В древности также значительным подспорьем в жизни населения таежного Зауралья была охота на линную дичь, о чем, помимо этнографических данных, говорит изображение такой охоты на одной из древних писаниц Восточного Урала (Чернецов, 1971). Возможно, В.М. Раушенбах права, предполагая, что многие сотни роговых наконечников стрел, обычно удлиненных, игловидных, нередко с мелкими частыми шипами на одной стороне, прекрасно отполированных, из Шигирского торфяника (Косарев, 1984, рис. 16) могли в значительной своей части использоваться не только для добычи рыбы, но и для охоты на водоплавающую дичь (Раушенбах, 1956, с. 112).
При преимущественно охотничьем образе жизни экономическая основа для сложения относительно крупных производственных и социальных организмов могла иметь место лишь в районах, где были условия для коллективной охоты на лесных копытных. Описывая образ жизни лозьвинских манси, В.Н. Чернецов отмечает, что возводить загонные сооружения типа «огородов» и поддерживать их в рабочем состоянии было не под силу мелким коллективам, и поэтому, «несмотря на небольшой размер и разбросанность отдельных поселков, то есть локальных групп, население всей такой территории было в достаточной степени единым, и в пределах его существовали не только коллективные виды промысла, но и коллективное потребление» (Чернецов, 1971, с. 75). Поскольку, судя по сюжетам древних наскальных изображений Урала, коллективные способы охоты практиковались здесь с каменного века (во всяком случае, с неолита), можно допустить, что на этой территории в первобытную эпоху могли возникнуть достаточно крупные производственные сообщества, способствовавшие социальной консолидации населения довольно обширных районов.
Охотничье-рыболовческий тип хозяйства в таежном Обь-Иртышье. Ландшафтно-климатические условия глубинных таежных районов Западной Сибири отличались большей стабильностью, чем в степной зоне и тундре. Природная среда здесь была менее подвержена воздействию климатических колебаний, и возможности для традиционных промыслов — охоты, рыболовства и собирательства — в течение последних нескольких тысячелетий оставались здесь, в общем одинаковыми.
Однако по отношению к западносибирской тайге нам зачастую свойственно переоценивать запасы ее естественного продукта.
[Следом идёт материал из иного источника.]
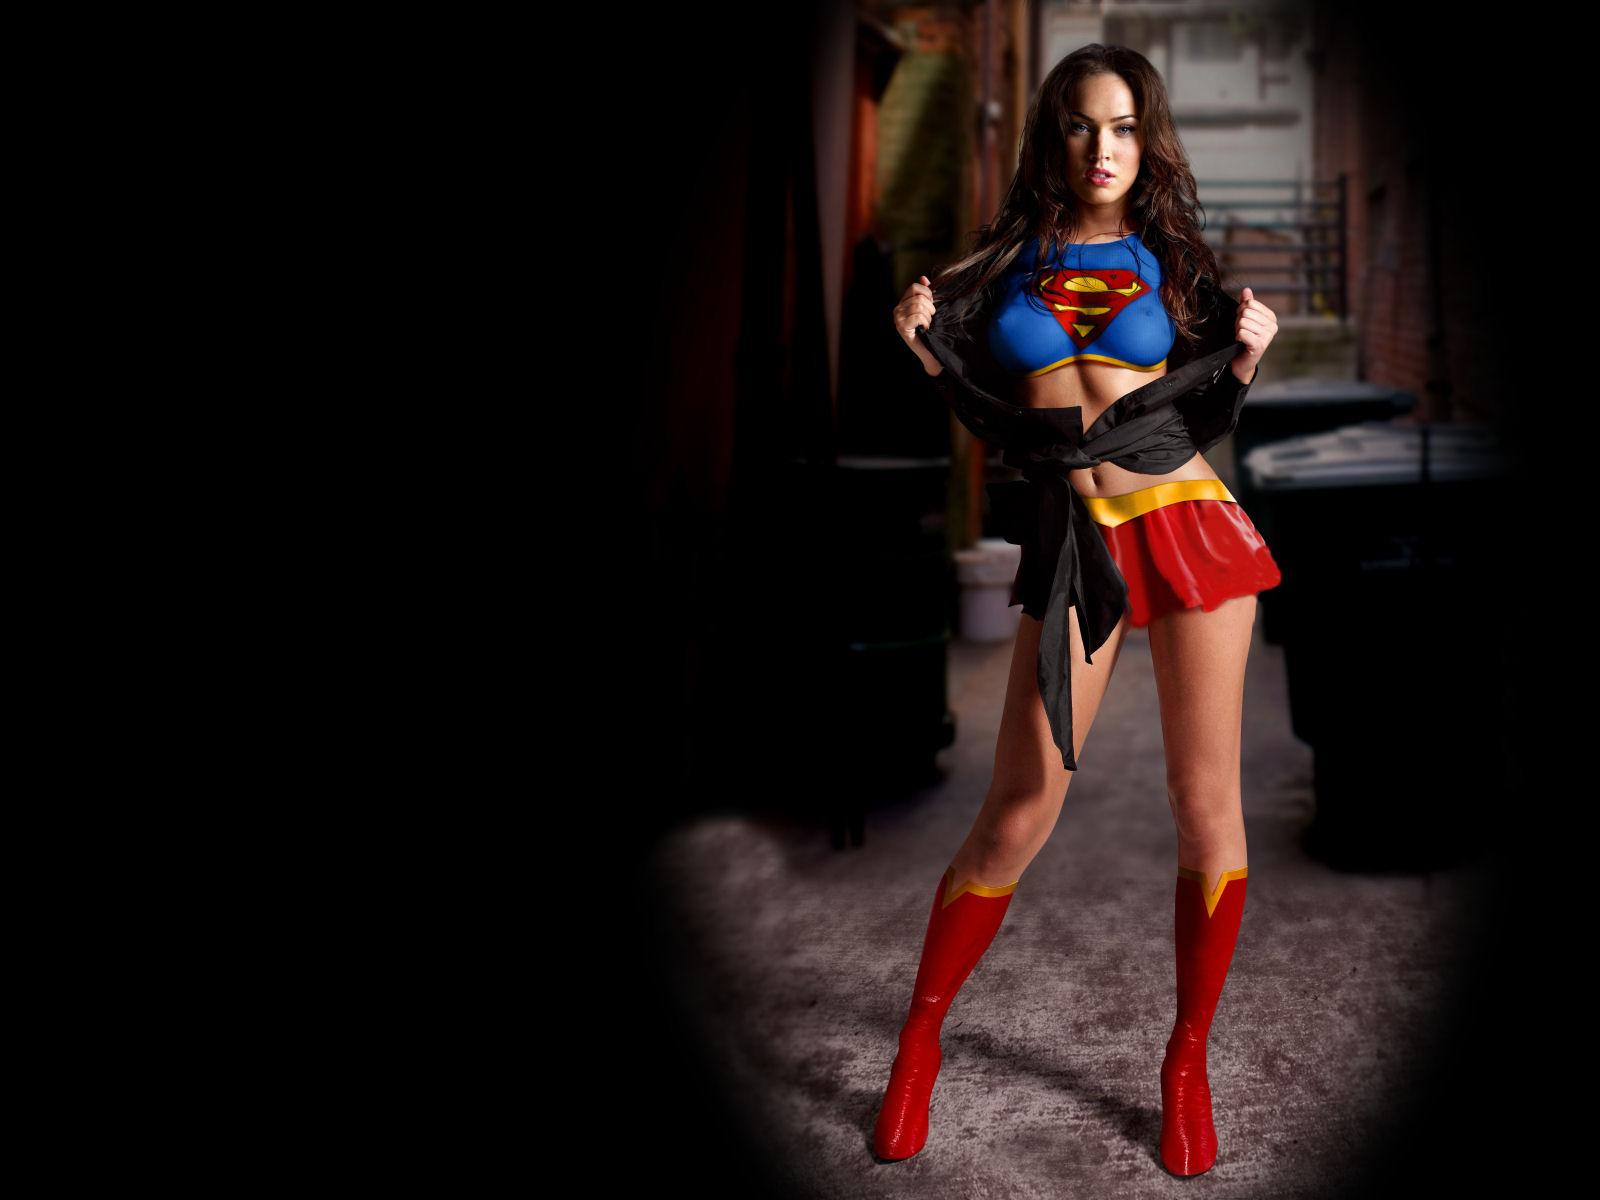 http://2.bp.blogspot.com/_JU_j7jj5TjU/TSDgz3AB3RI/AAAAAAAAAts/Vx6flumd0CE/s1600/Megan-Fox-Supera-014-1600.jpg

В отличие от соседних географических областей — Уральской горной страны, тундры, степной зоны — западносибирская тайга лежит в стороне от наиболее активных путей сезонных перекочевок диких копытных. Ни лось, ни олень в тайге не группируются в большие или даже значительные по численности стада, поэтому здесь в древности, как и у этнографически изученных аборигенов, преобладала, по-видимому, индивидуальная охота на крупных мясных животных: гоном по насту (весной), скрадывание лося и оленя в воде, где они спасались от гнуса (летом), добыча зверя на тропах при помощи сторожевого лука или ловчих ям и т. д.